The term “Metaverse” has become a focal point of curiosity, expectations, fears, and uncertainties in the modern era. As part of the postmodern quest to coin new terms that mark uncharted territories, the concept of the Metaverse represents a new dimension of the internet, promising to revolutionize our lives permanently. Metaverse encompasses a broader concept that includes virtual worlds, extended reality (XR) experiences, and other digital spaces where users can interact with each other and digital content in real-time. It refers to a shared, interconnected, and persistent virtual space that goes beyond individual applications or games. Users can create avatars, socialize, trade, conduct business, and engage in various activities within these virtual environments.

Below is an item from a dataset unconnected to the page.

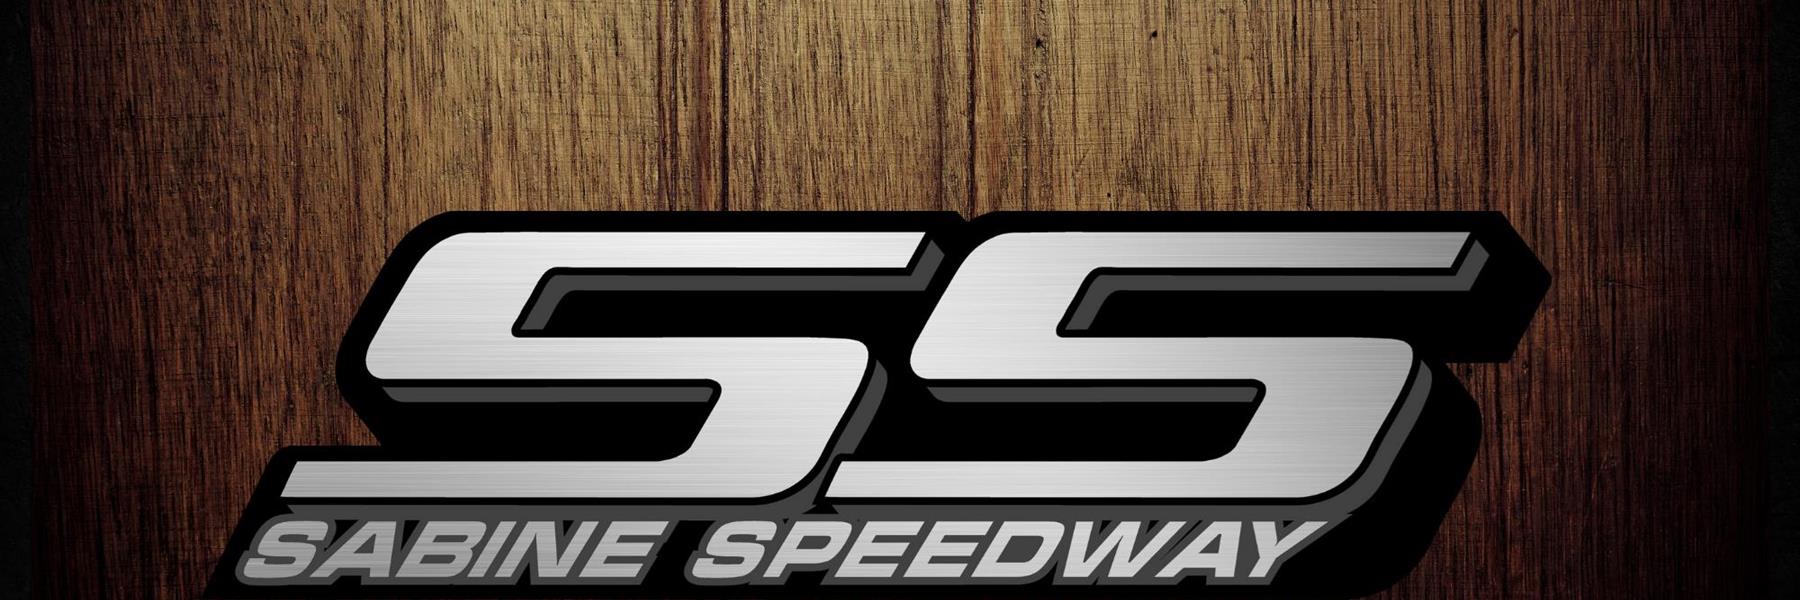 9/17/2022 - Sabine Speedway

The Metaverse concept can be materialized accross different technologies, being those under the XR umbrella the most appropriate, mostly by their immersive capabilities. Immersion (35), represents the capacity of a technology to deliver highly engaging and interactive experiences, fully transporting users into virtual, augmented, or mixed environments. XR technologies strive to blur the boundaries between the physical and digital worlds, creating a strong sense of presence and involvement within the digital environment. From immersion, it could be inferred the feeling of presence. The sense of presence (36), traditionally associated to the feeling of “being there (in the digital world)" is strongly related to non-mediated technology-based experiences and suspension of disbelief. The concept of presence is multidimensional, attending to the wide XR spectrum consists of three major dimensions. The first one is telepresence, which is characterized by the extent to which a user experiences a sense of “reality" within the virtual environment as opposed to the physical one (37). This dimension of presence is associated to Virtual Reality. The second dimension refers to local presence, indicating the extent to which a user perceives augmented reality (AR) objects as truly existing in their immediate physical surroundings (38). This dimension is closely linked to Augmented Reality and Mixed Reality. The third dimension, co-presence, is limited to multi-user immersive experiences and refers to the psychological connection between participants and how real those social interactions are perceived to be (39).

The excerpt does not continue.